Pullum's grammatical frameworks, such as that in The Cambridge Grammar of the English Language, have been monotonic phrase-structure grammars, similar to X-bar theory but with explicit notation for syntactic functions such as subject, modifier, and complement.[24] Monotonic phrase-structure grammars are based on the idea that the structure of sentences can be represented as a hierarchy of constituents, with each level of the hierarchy corresponding to a different level of grammatical organization.

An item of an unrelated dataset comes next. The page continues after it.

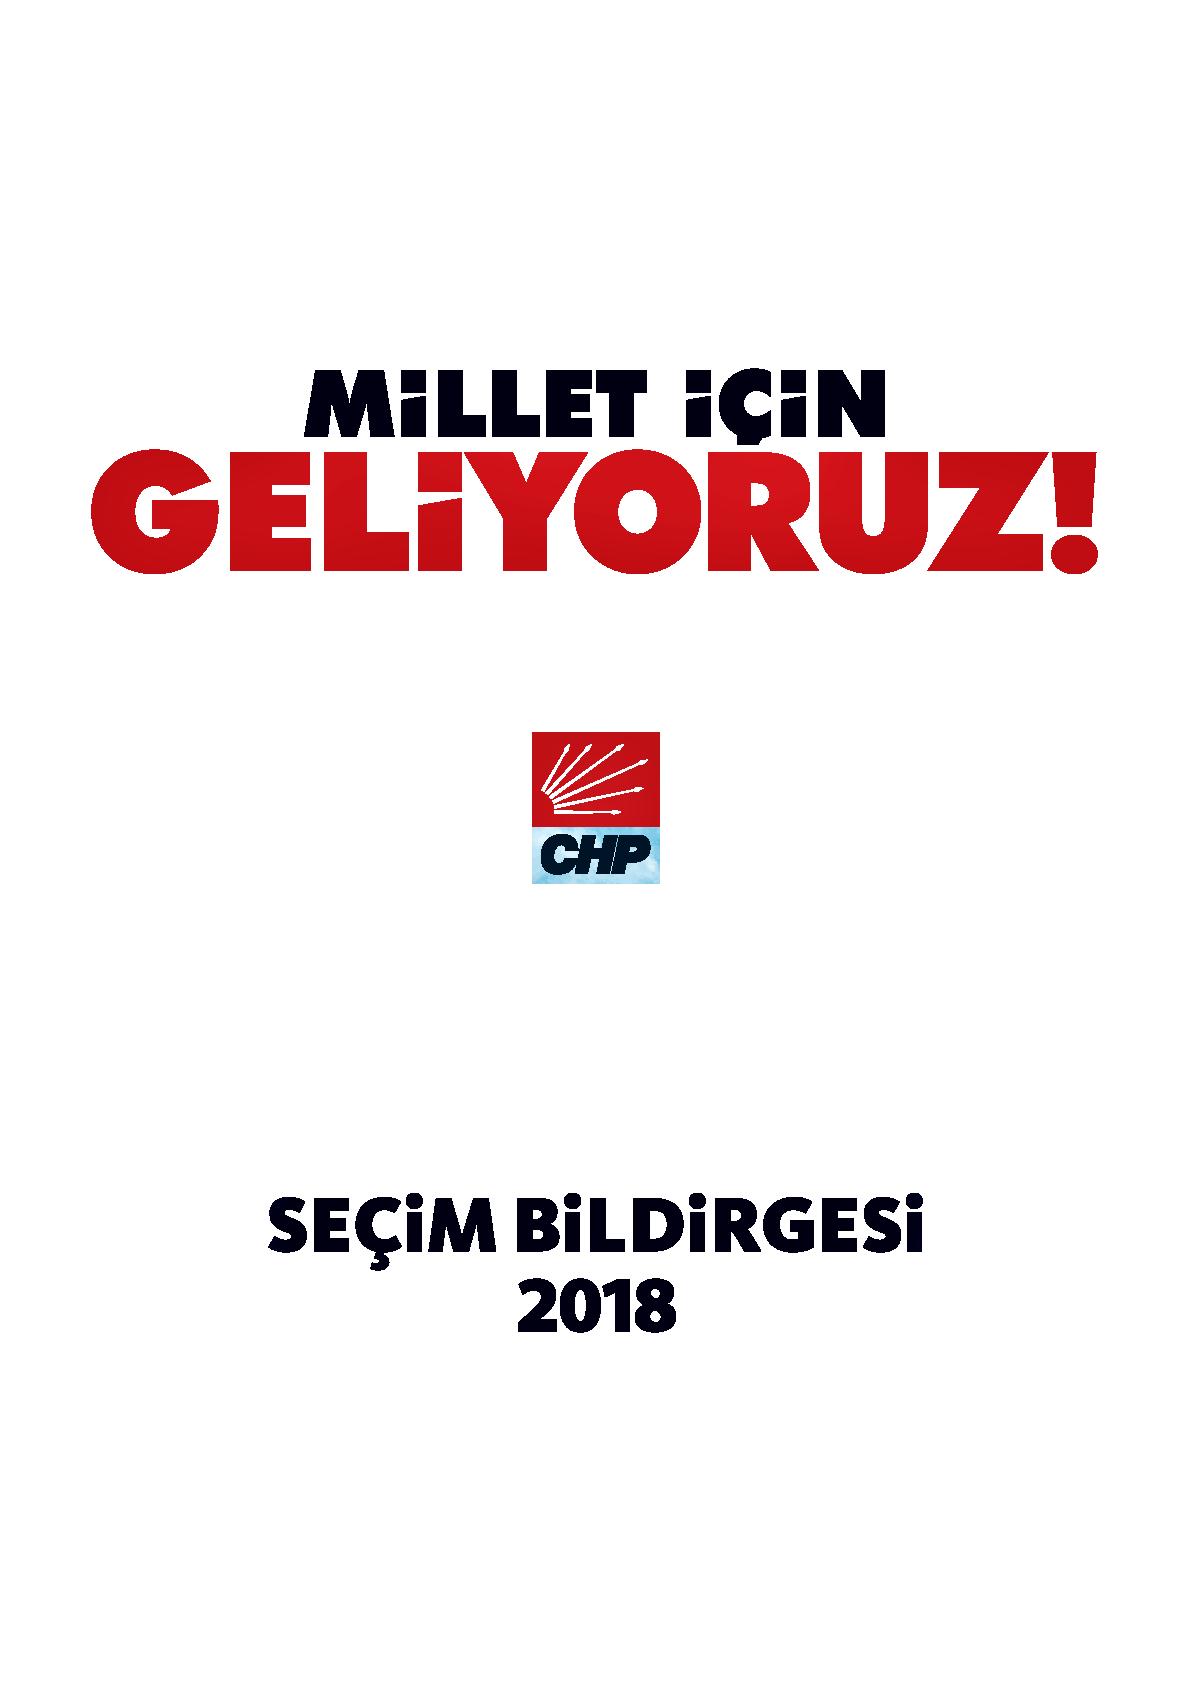 CHP-SecimBildirgesi-2018-icerik

X-bar theory is a specific type of phrase-structure grammar that posits a uniform structure for all phrasal categories, with each phrase containing a "head" and optional specifier and/or complement.
The key difference between monotonic phrase-structure grammars and generative grammars like transformational-generative grammar (TGG) is the absence of transformations or movement operations in the former. Monotonic grammars maintain that the structure of a sentence remains fixed from its initial formation, whereas generative grammars propose that sentences can undergo various transformations during the derivation process.
Pullum argues that the traditional notion of a noun phrase is correct, and that the so-called DP hypothesis is mistaken.[25] He believes that some kind of fusion of functions accounts for some of the data leading to the disagreement.[26]
Pullum has been a long-time critic of Noam Chomsky, whom he accuses of mendacity, plagiarism, and general academic dishonesty.[27] He has attacked the argument from the poverty of the stimulus in multiple publications.[28] [29] [30] He has called Chomsky's Minimalist Program "really just a repertoire of hints, suggestions, and buzzwords", has said that concepts such as Deep Structure and Recursion have "come to nothing", called Chomsky's idea that language arose as a result of a genetic mutation "utterly eccentric", and regretted that Chomsky "turned the discipline of syntactic theory into a personality cult".
Pullum has coined or prompted the coining of a number of terms that have come to be popularly used including eggcorn, snowclone, and linguification.[31]